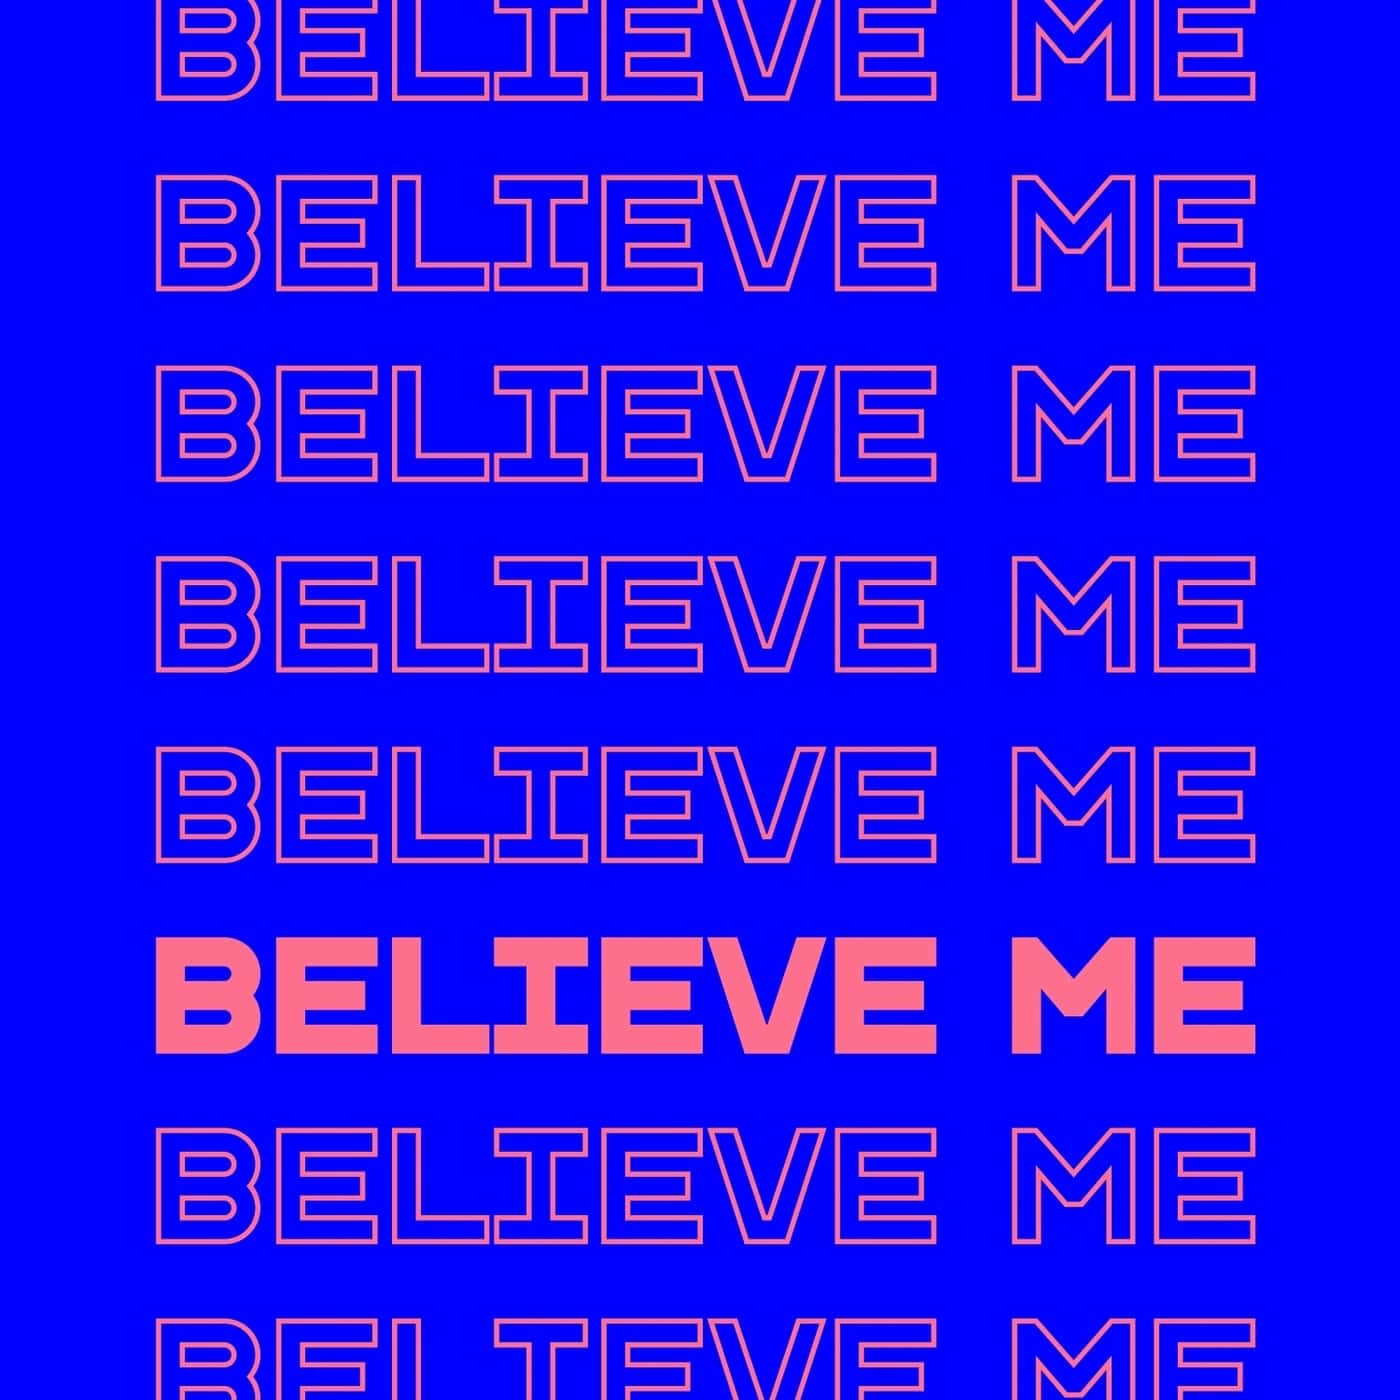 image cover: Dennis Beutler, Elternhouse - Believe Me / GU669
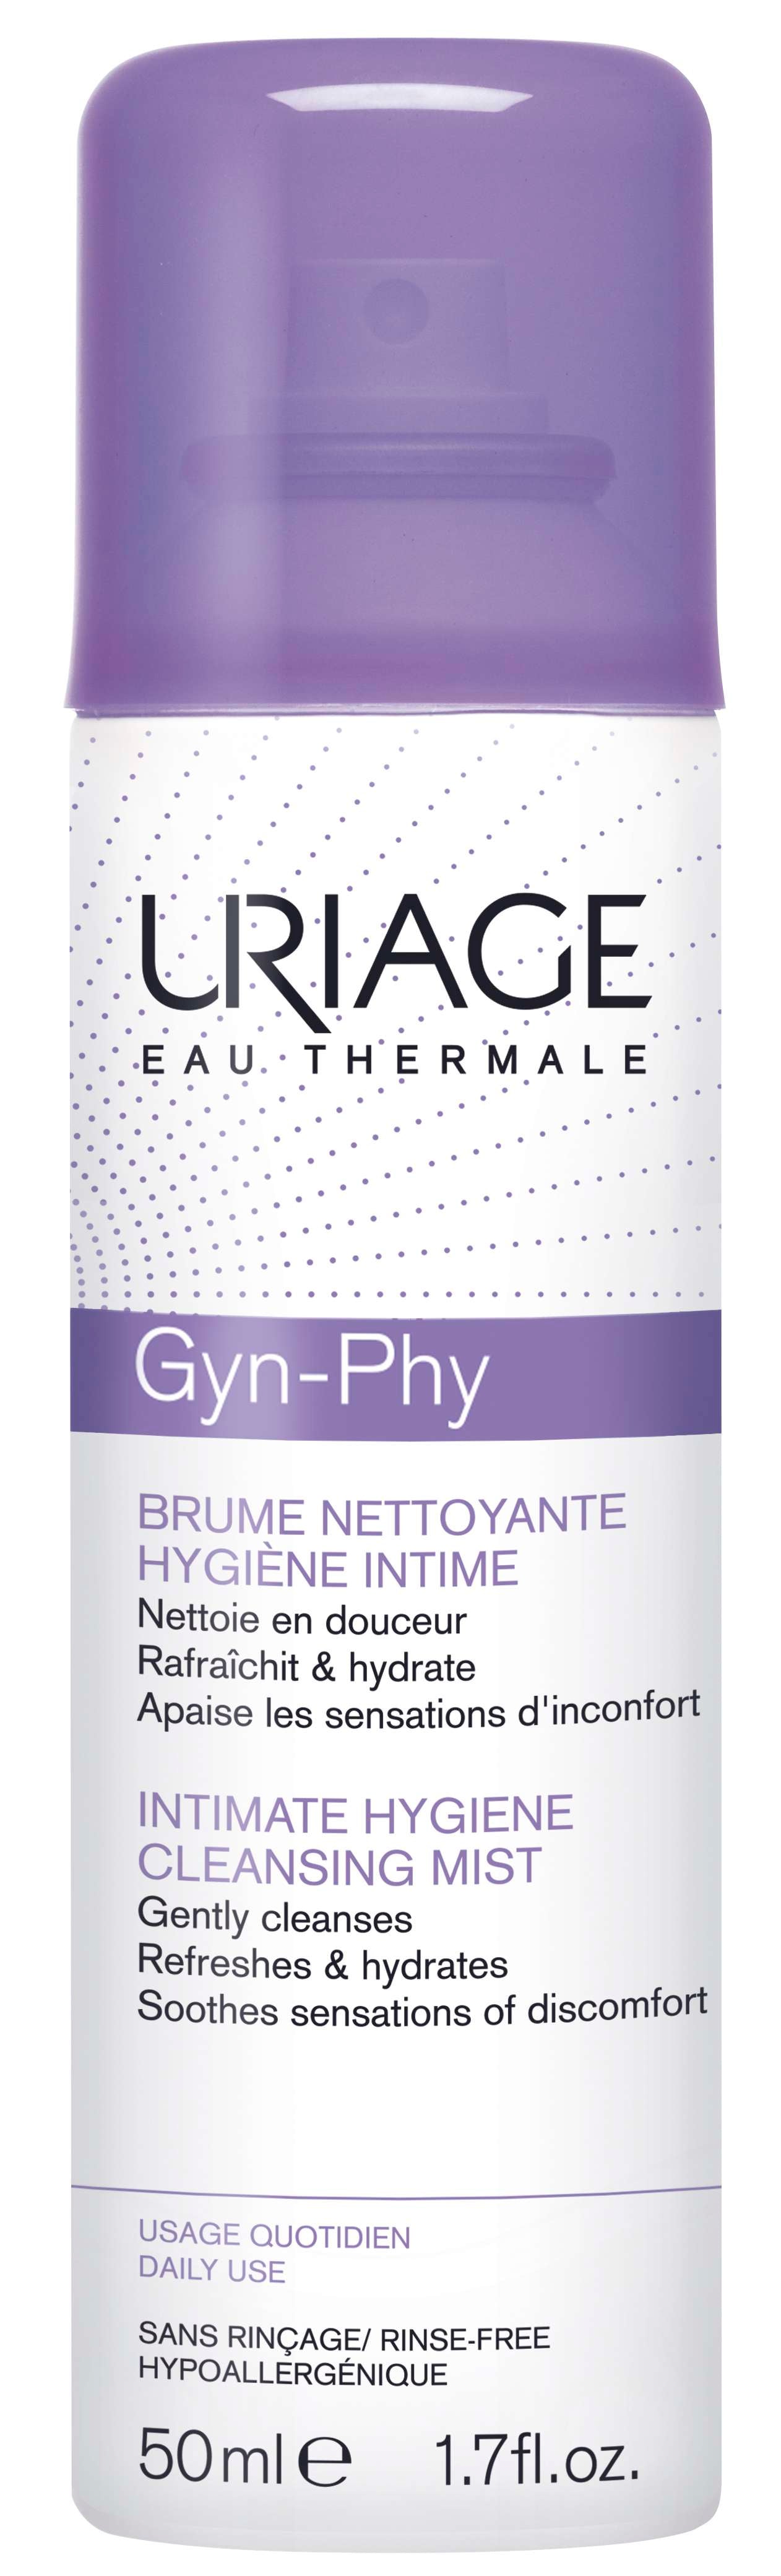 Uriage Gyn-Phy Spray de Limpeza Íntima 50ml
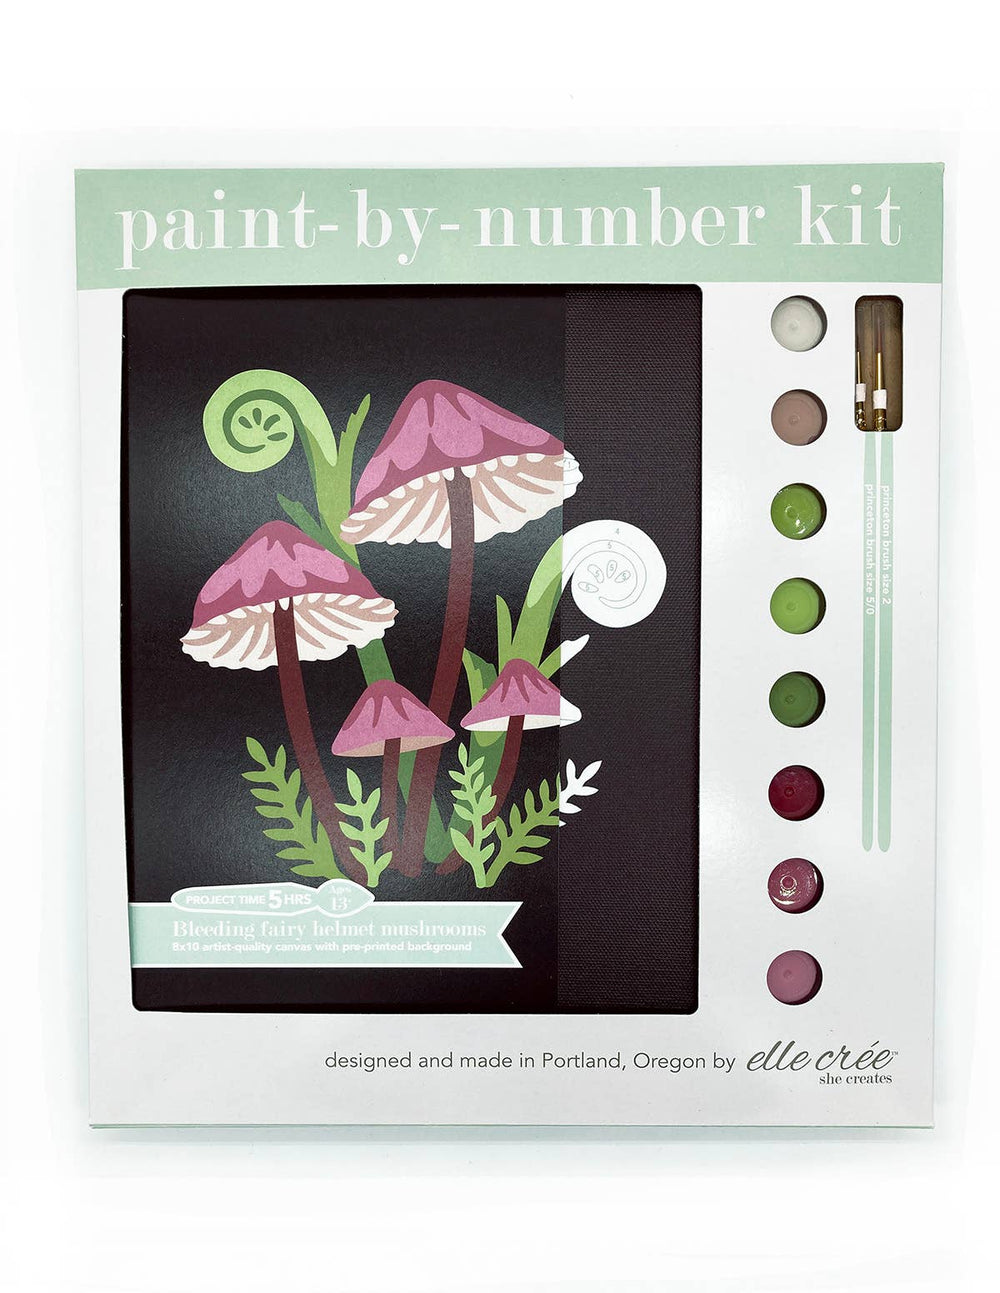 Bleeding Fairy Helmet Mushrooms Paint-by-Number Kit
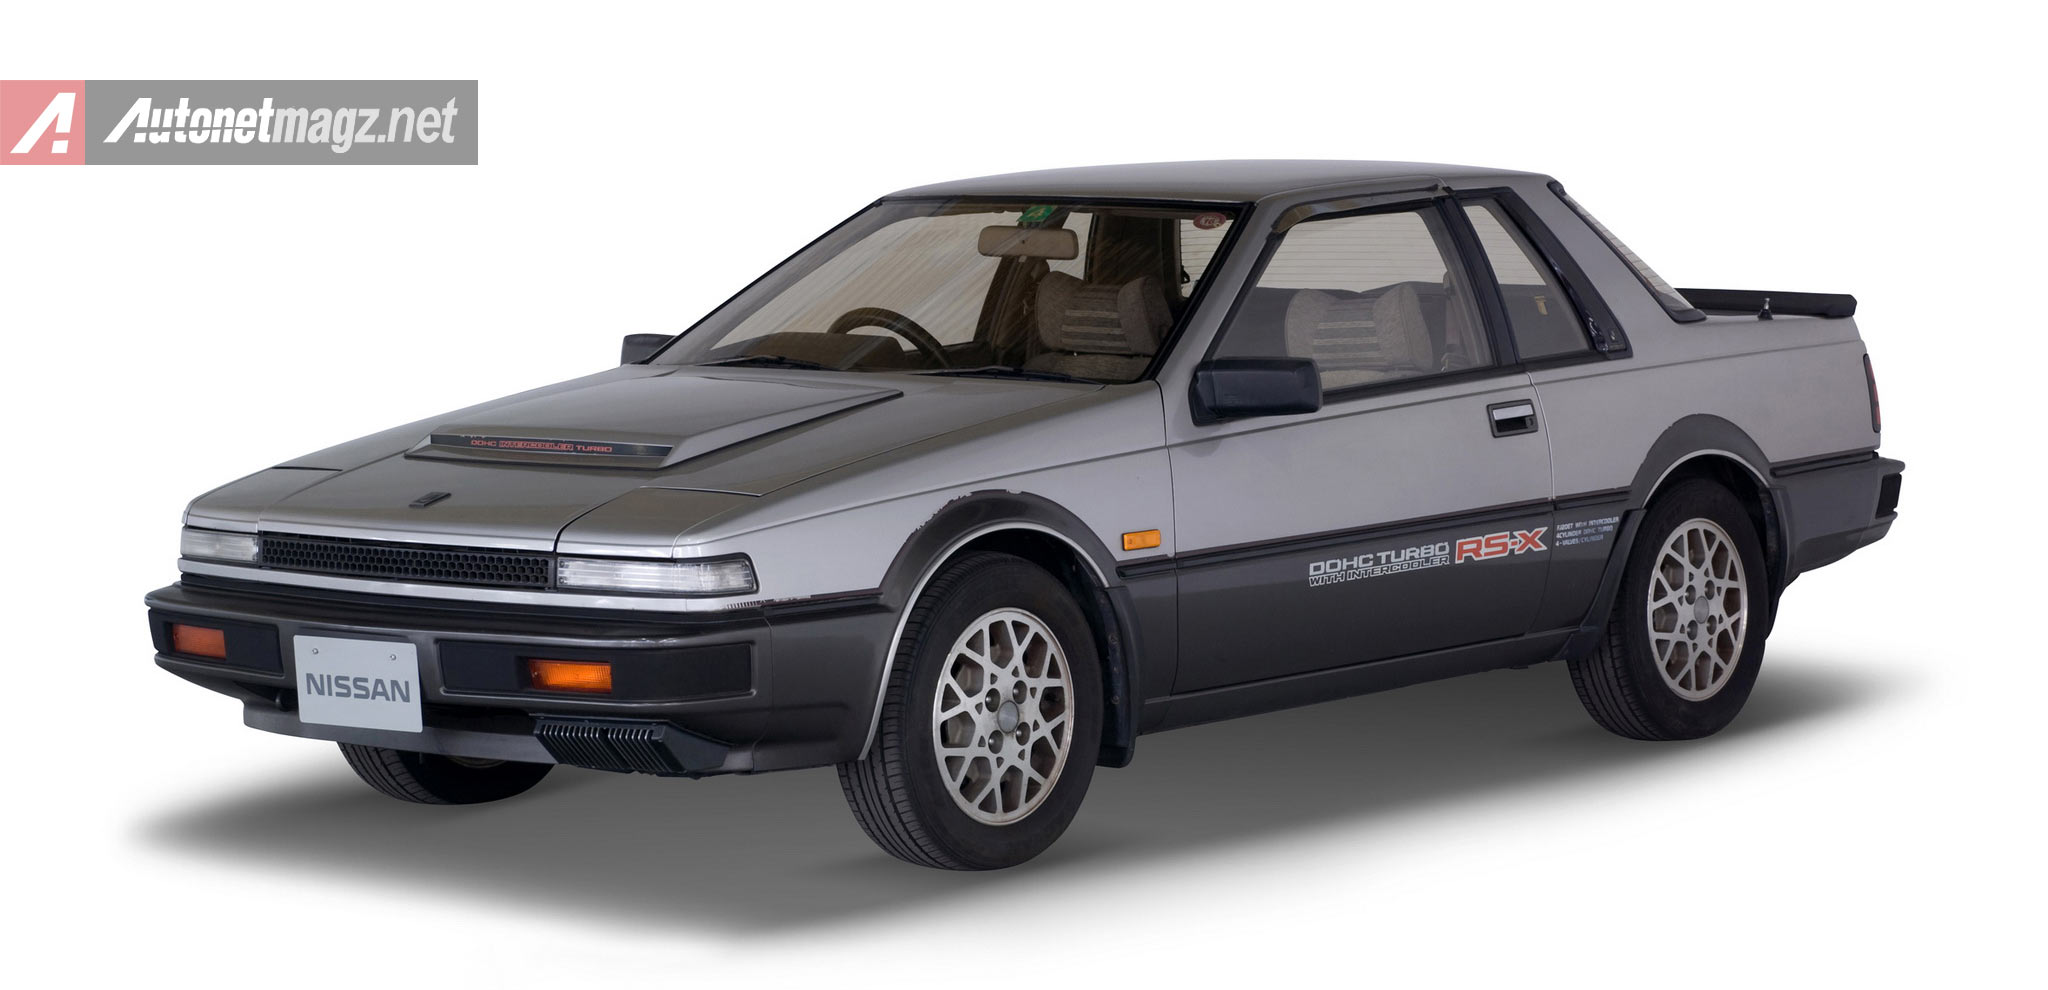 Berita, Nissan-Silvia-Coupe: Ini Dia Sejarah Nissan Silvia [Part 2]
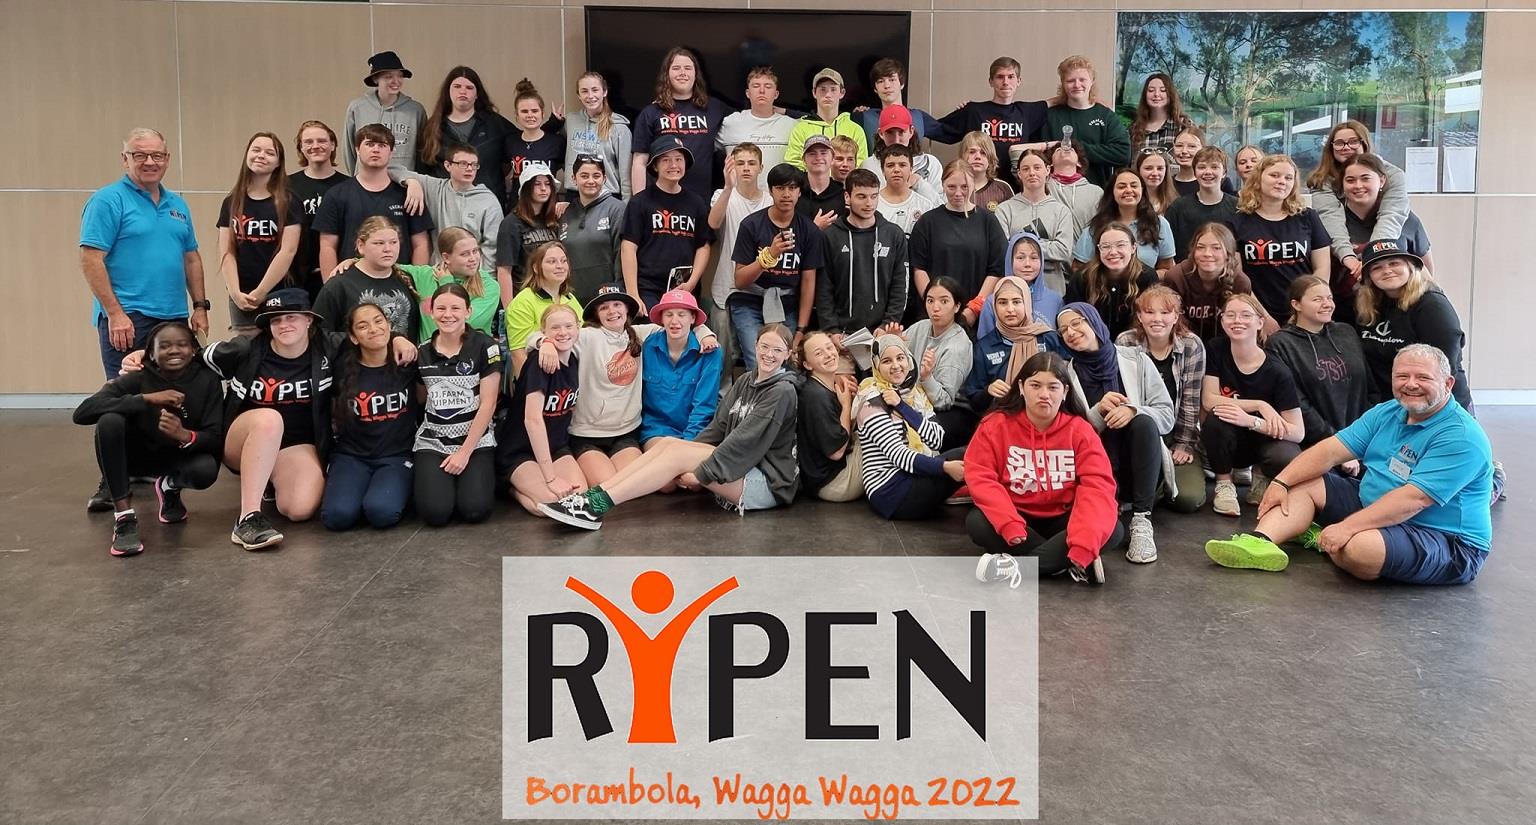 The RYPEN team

§ **Try it**
For this exercise, return the data above exactly and leave every picture out.

§ **Task output**
 image cover: Dennis Beutler, Elternhouse - Believe Me / GU669
 Uriage Gyn-Phy Spray de Limpeza Íntima 50ml
 Bleeding Fairy Helmet Mushrooms Paint-by-Number Kit
 Berita, Nissan-Silvia-Coupe: Ini Dia Sejarah Nissan Silvia [Part 2]
 The RYPEN team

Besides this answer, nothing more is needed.